The characters understand one another, presumably because they’re beyond mere language and, in any event, they sometimes communicate telepathically. At first, the fact that they can speak to one another comes across as an inventive flourish, but like so much in “Ghost in the Shell” — the toddling geishas, the Asian extras — it helps to reduce an entire culture to a decorative detail. The movie has been widely criticized for casting Ms. Johansson in a role that was, of course, originally Japanese, a decision that isn’t offset by an absurd narrative twist that seems to have been created to forestall criticism but will only provoke further ire. This isn’t just appropriation; it’s obliteration.

Rolling Stone’s David Fear

In the end, you get Johansson spinning her wheels in a stock hero’s-journey story that feels stripped for exotic spare parts. The secret-sharer sense you got from watching the original, the idea that you had come across a low-frequency transmission that felt subversive yet familiar enough to strike a chord, has been surgically removed. All that’s left is big-budget cybersploitation scrubbed for a global audience, a machine designed to collect money. Who stole the soul? For a movie steeped in aspects of the singularity, there’s nothing very singular about this Ghost in the Shell at all.

The Hollywood Reporter’s Jordan Mintzer


The original film managed to be both violent and philosophical, putting the viewer in an uneasy place and pushing us to ponder the future of humanity in an increasingly computerized world — a world that would have a huge influence on the Wachowskis’ magnum opus, all the way down to the cable ports in the back of each character’s head. Here we get a taste of that ambiance, but it feels more like a backdrop than the crux of the story, which boils down to yet another good vs. evil scenario where no mystery is left unsolved and conflicts are tied up in an all-too Hollywood way.

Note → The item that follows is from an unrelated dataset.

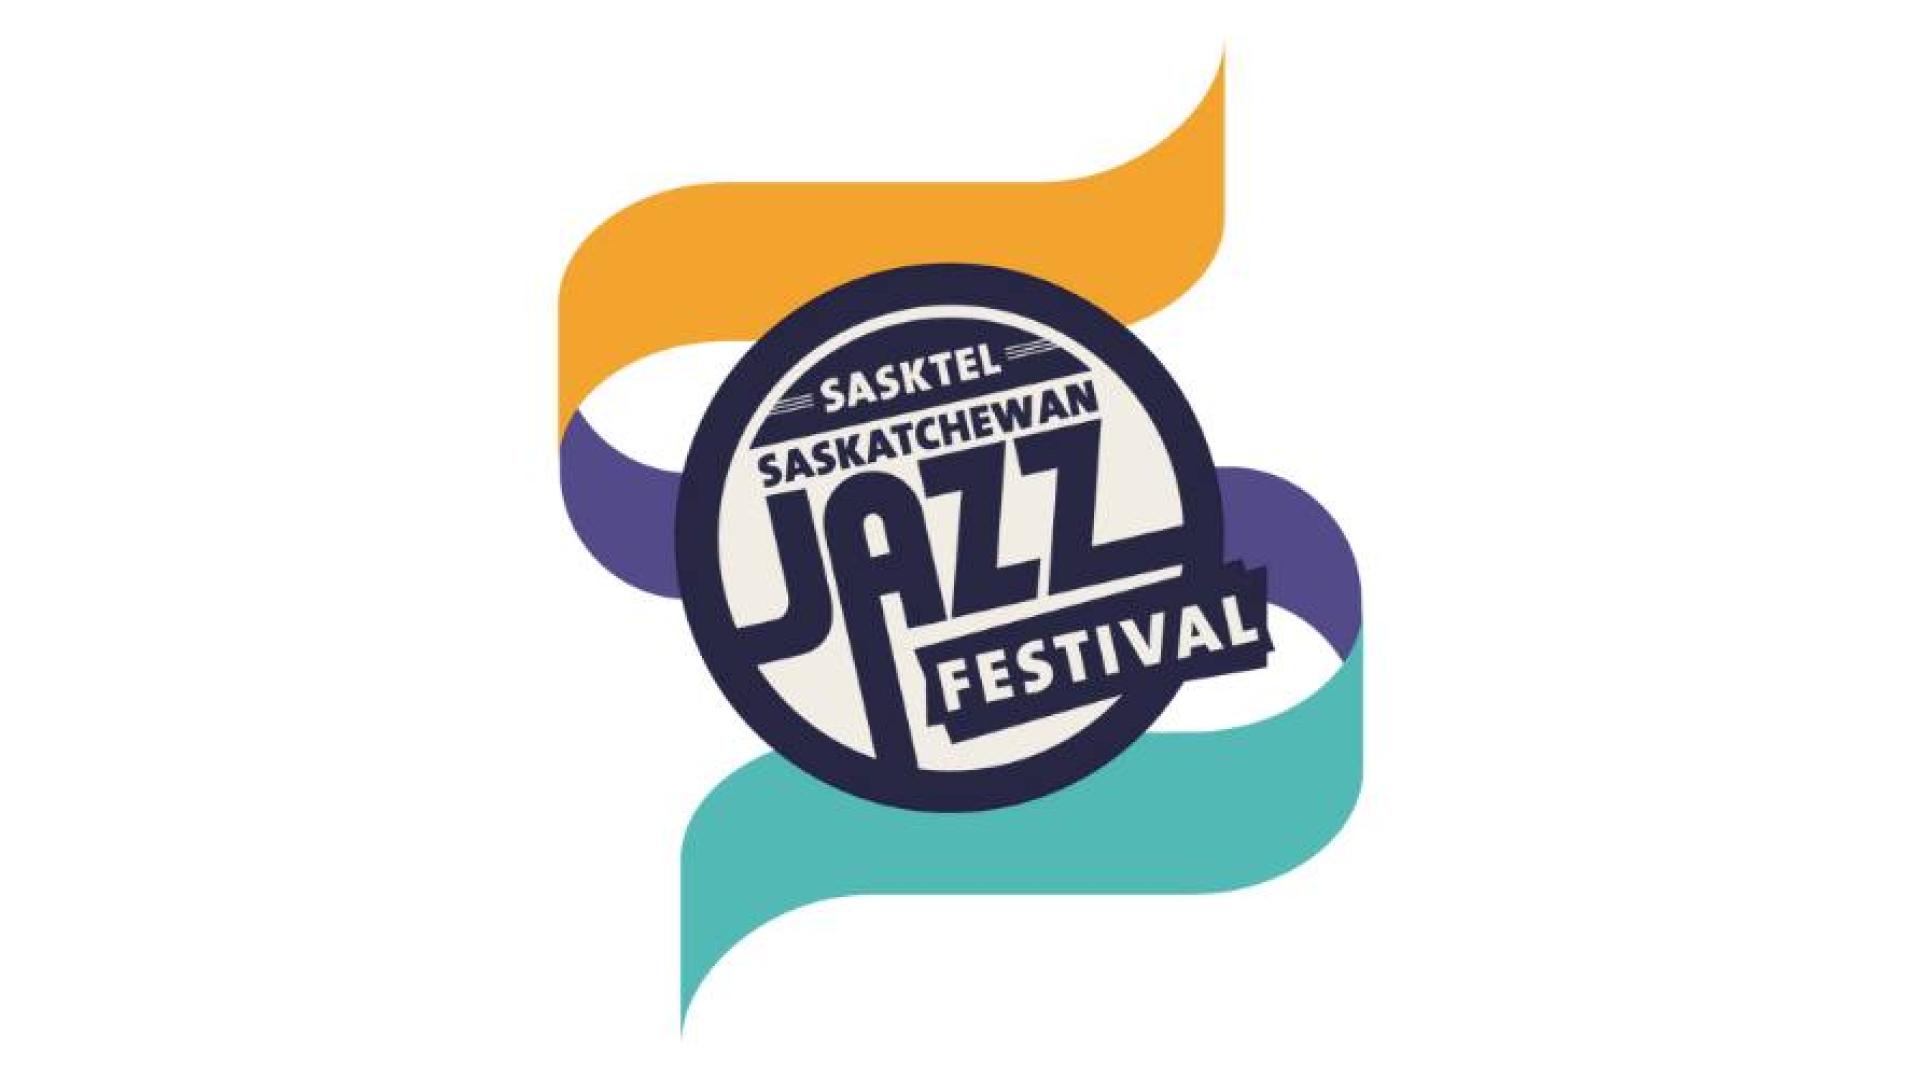 Sasktel SK Jazz Fest Logo

The Guardian’s Peter Bradshaw

It is a spectacular movie, watchable in its way, but one which – quite apart from the “whitewashing” debate – sacrifices that aspect from the original which over 20 years has won it its hardcore of fans: the opaque cult mystery, which this film is determined to solve and to develop into a resolution, closed yet franchisable. It has been standardised and westernised with hardly any actual Japanese characters left in it, and effectively reimagined as a superhero origin myth, with tropes derived from the existing templates laid down by Metropolis, Robocop, Blade Runner and Total Recall. The film incidentally makes some play with rudimentary Hawking-style robot voices. There are some stately cameos from Juliette Binoche and Takeshi Kitano.

Forbes’s Scott Mendelson

The most impressive thing about Ghost in the Shell is how quiet it is. Like Scarlett Johansson’s Lucy, this is another case of a hard sci-fi thriller/drama being sold as a slam-bang action movie. And yes, you do get sequences of Johansson’s major kicking butt and shooting folks, but it’s more about periodic bouts of quick violence than sustained action. The film doesn’t really become a conventional blockbuster until basically the brief action climax. Like the 1995 animated film on which it is based (I cannot speak to the literary source material), it is a meditative and almost soft-spoken meditation on how much humanity remains when our physical parts are no longer ours or even organic.